Problem details → Please reproduce all the data exactly as written and omit the pictures.

Provided data →
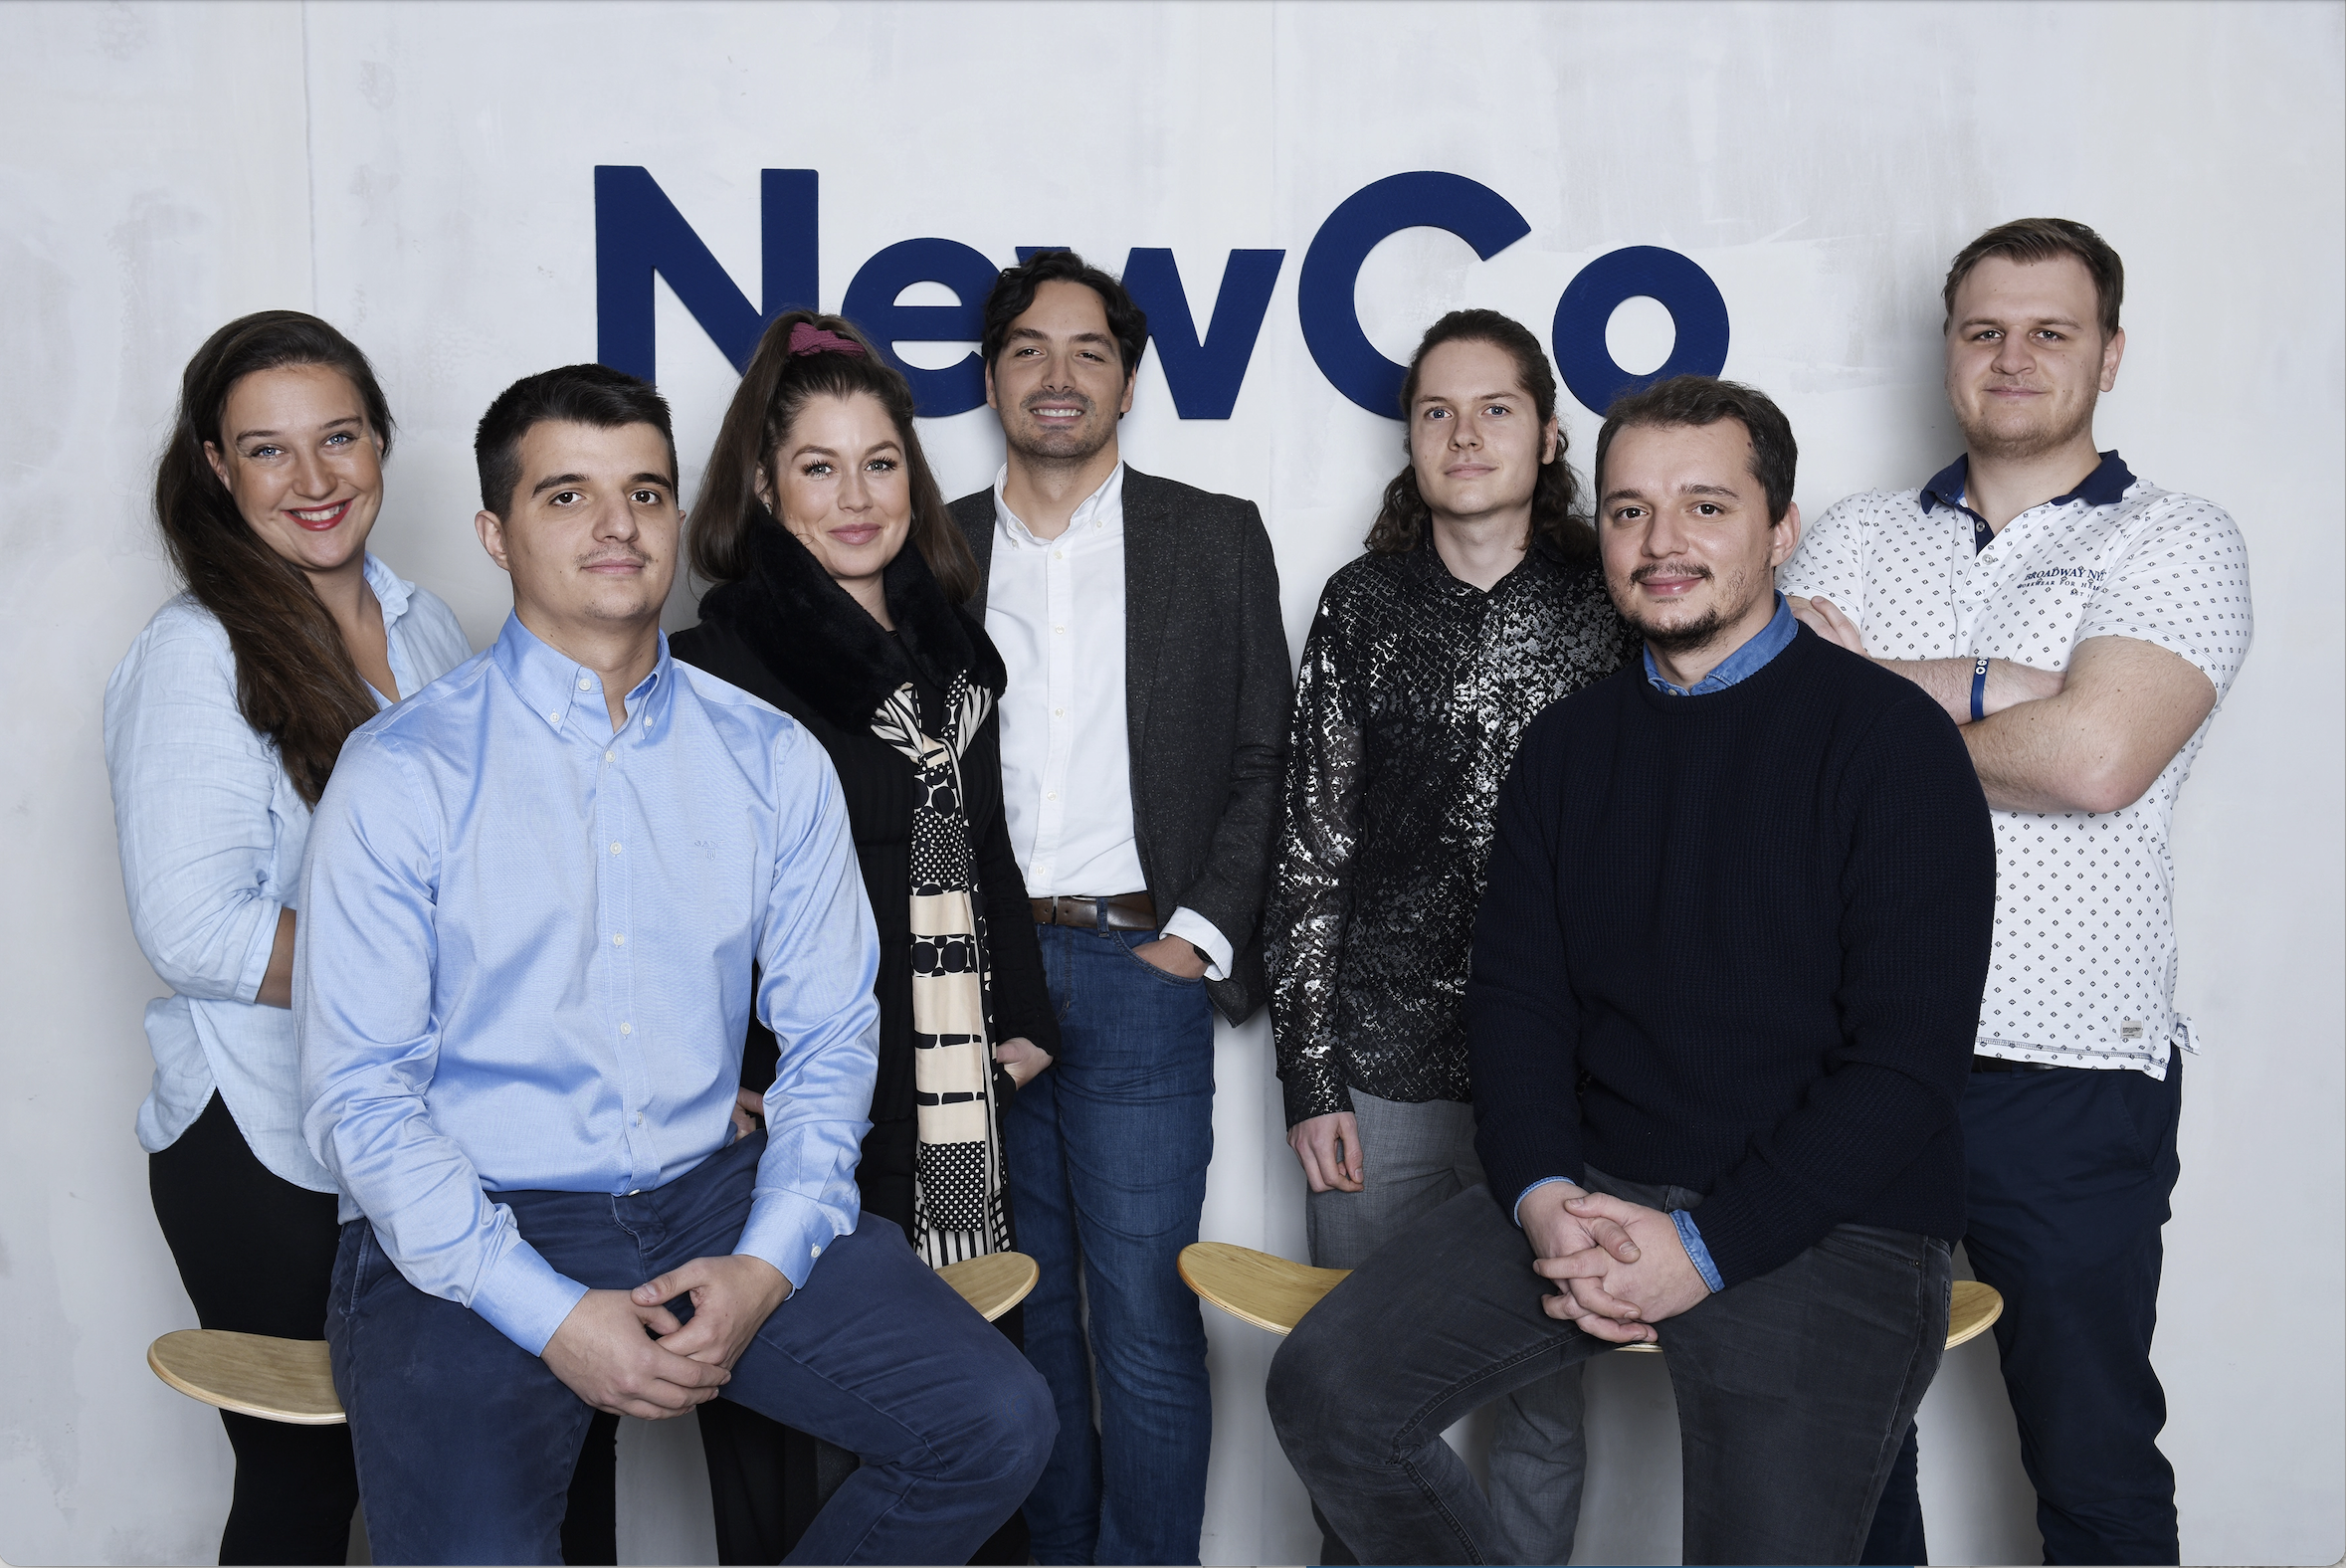 La Vaudoise soutient NewCo dans son expansion outre-Sarine
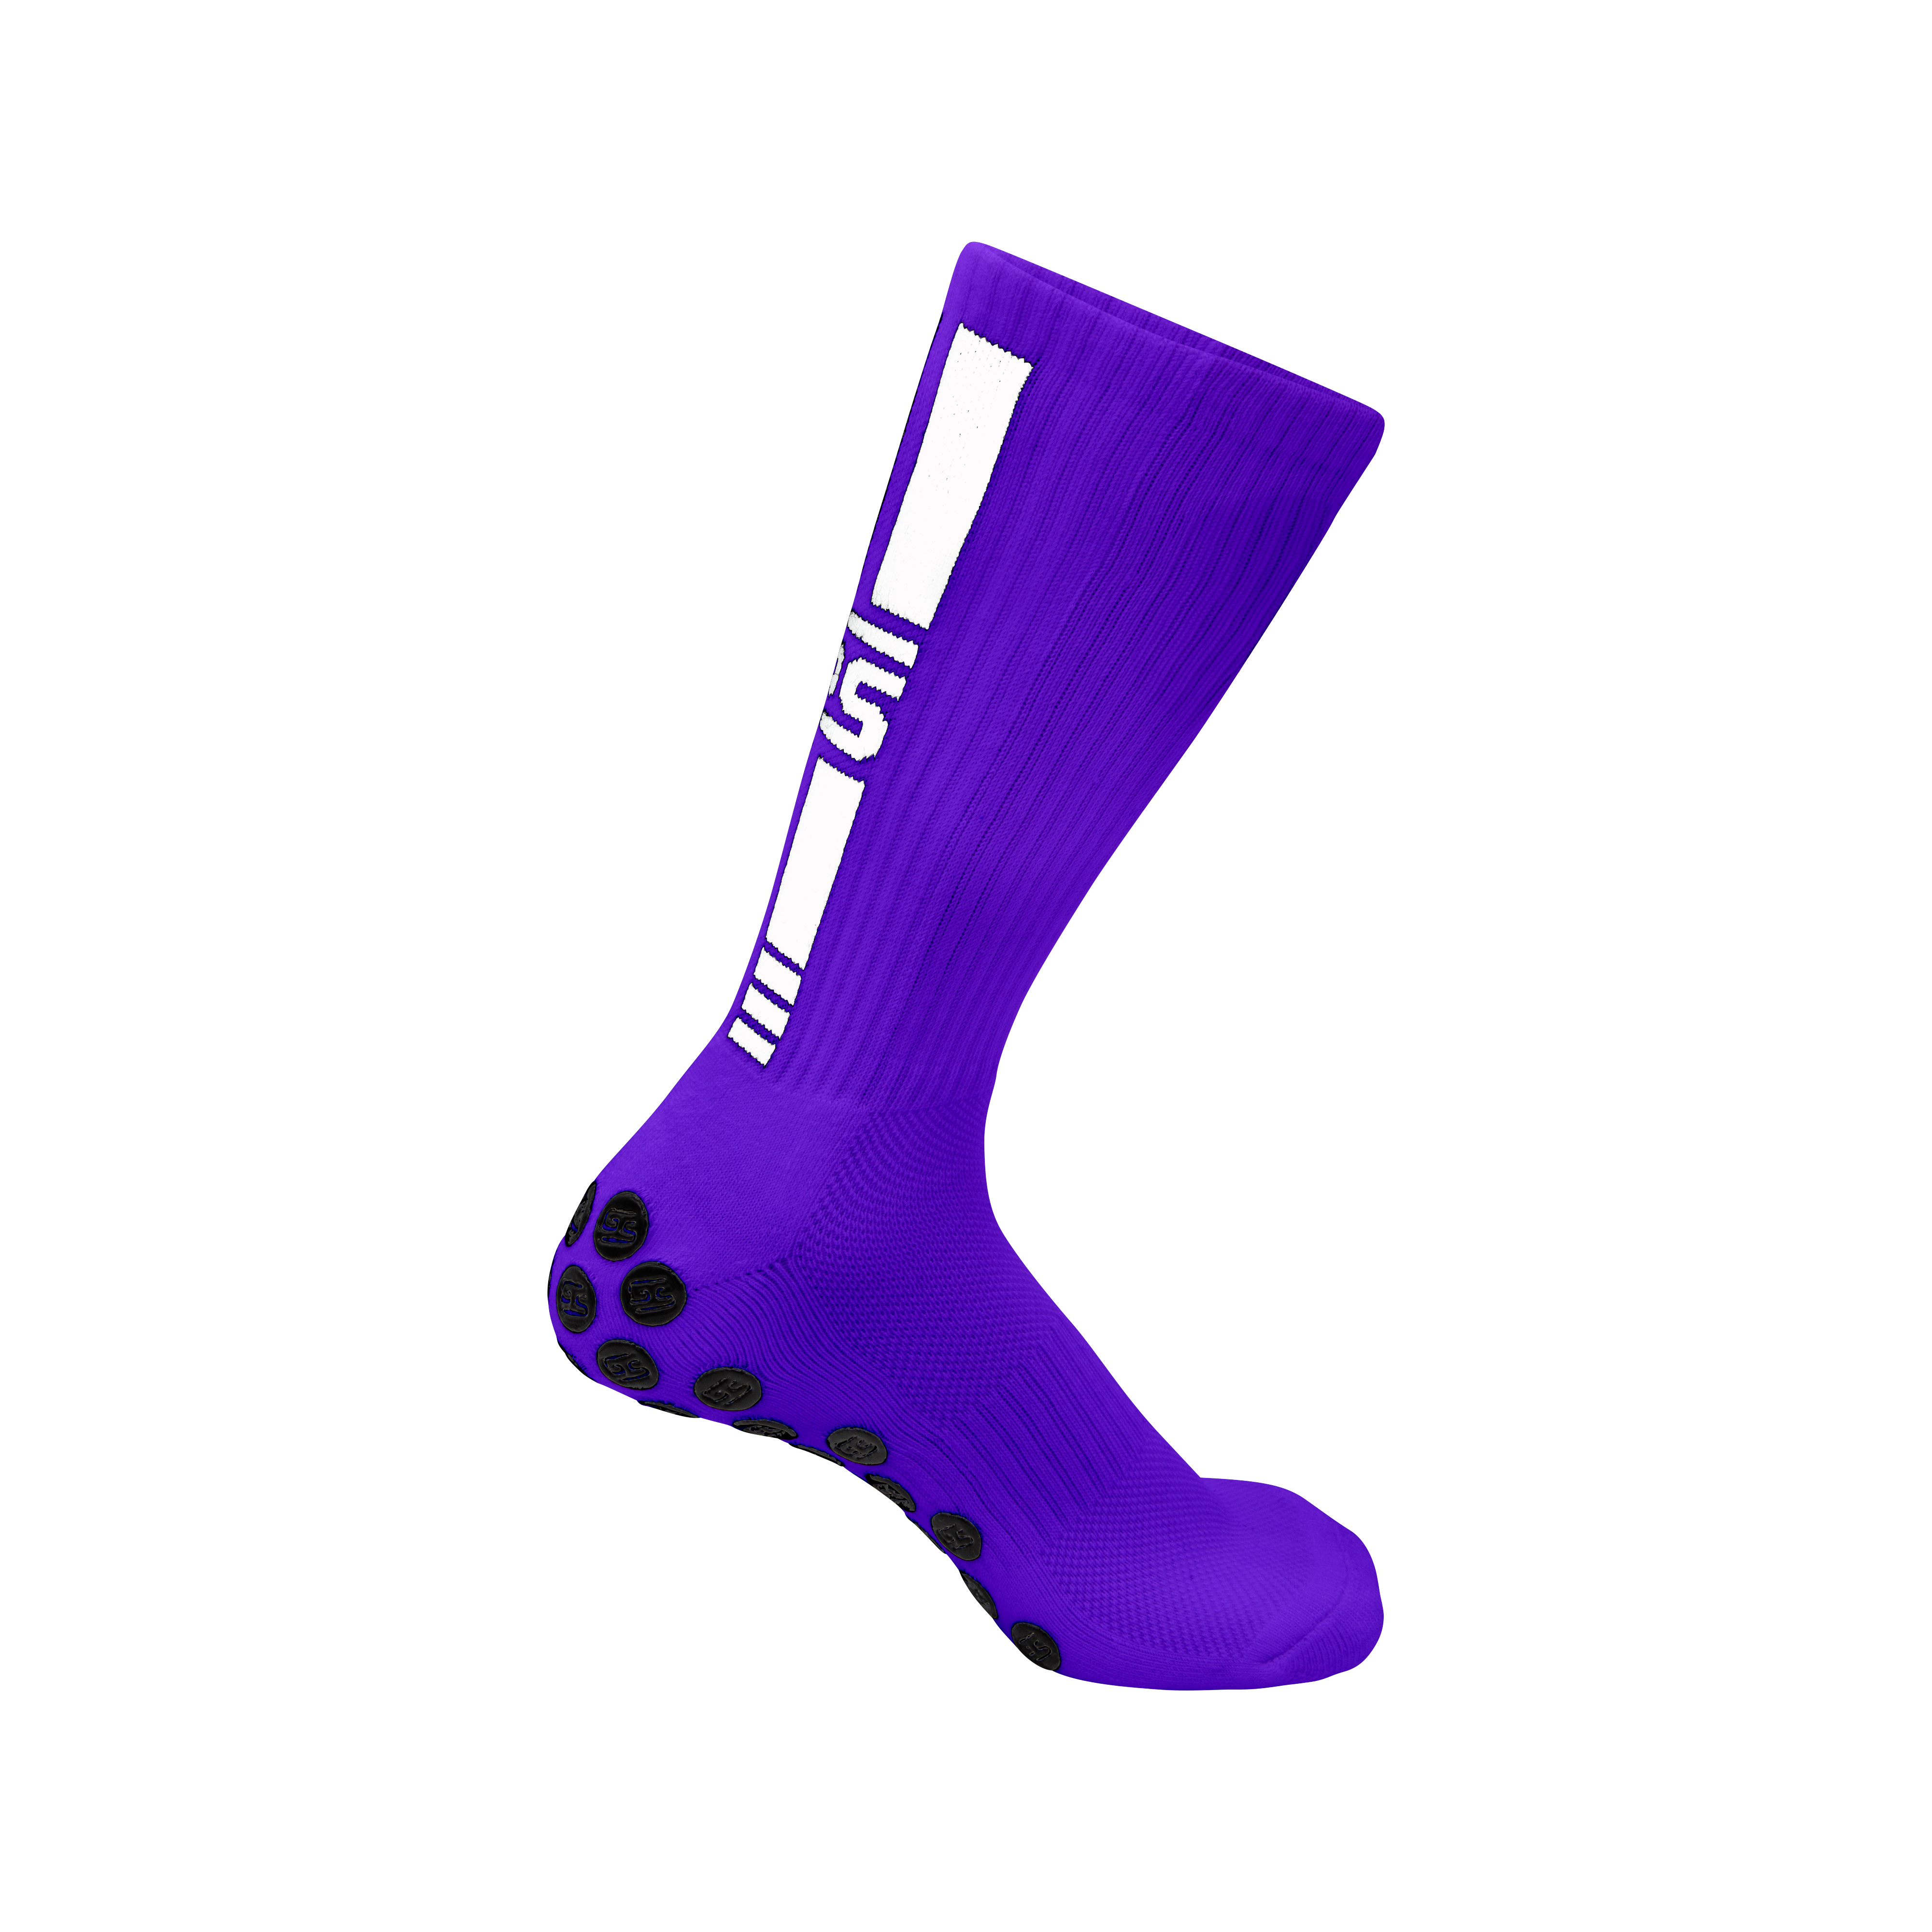 GS - GRIP SOCKS (Purple)
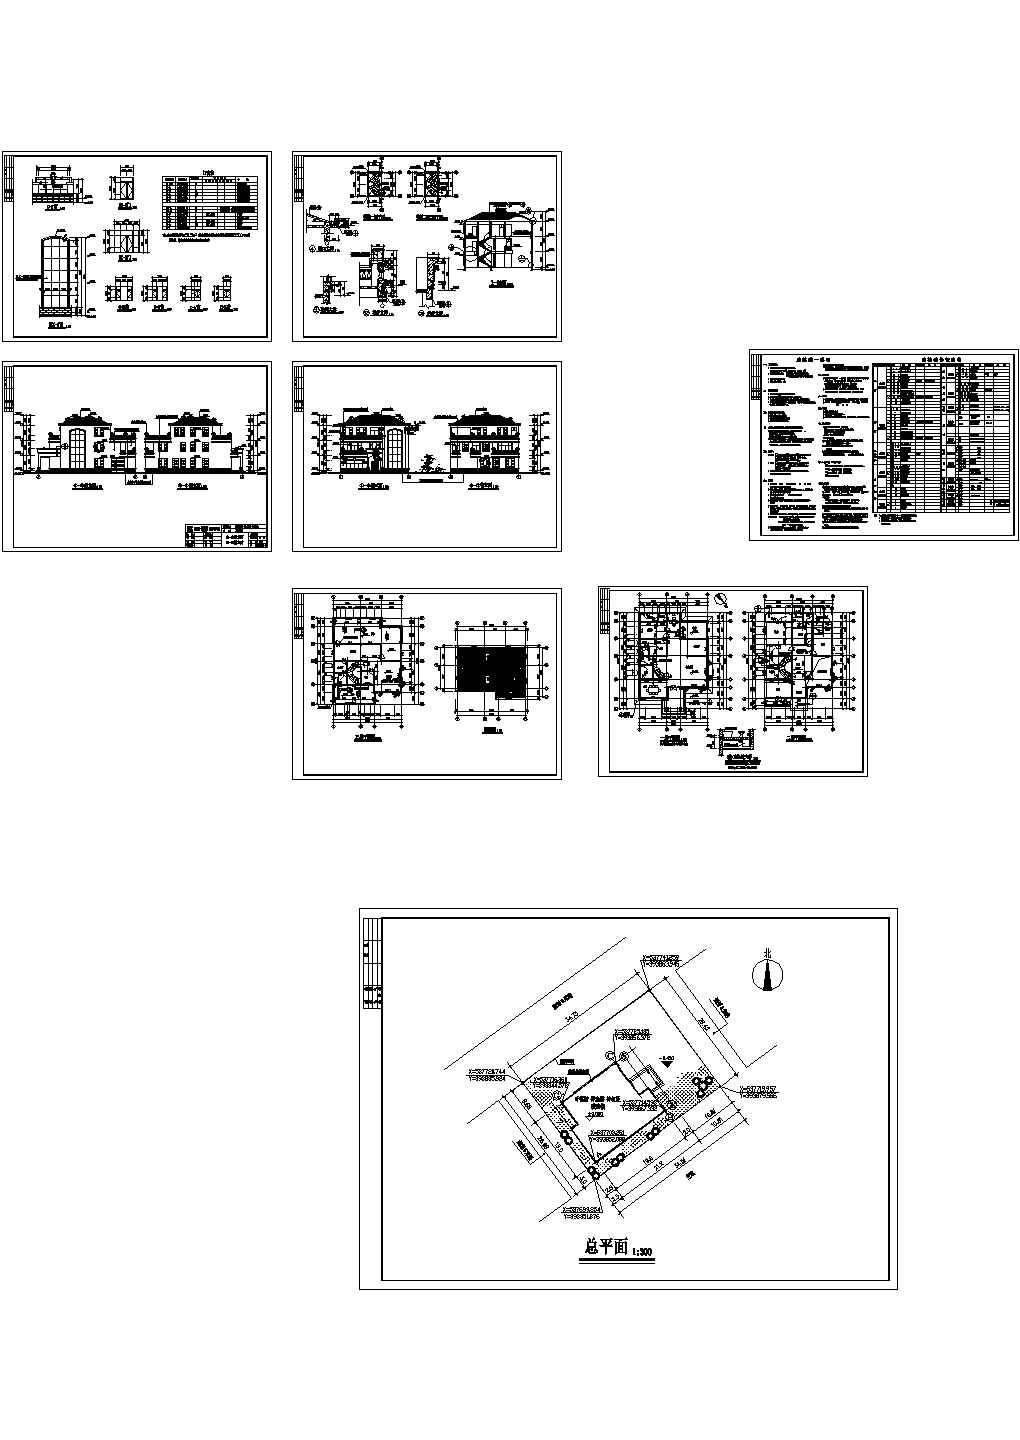 696平方米三层别墅建筑设计施工图

Solution →
 La Vaudoise soutient NewCo dans son expansion outre-Sarine
 GS - GRIP SOCKS (Purple)
 696平方米三层别墅建筑设计施工图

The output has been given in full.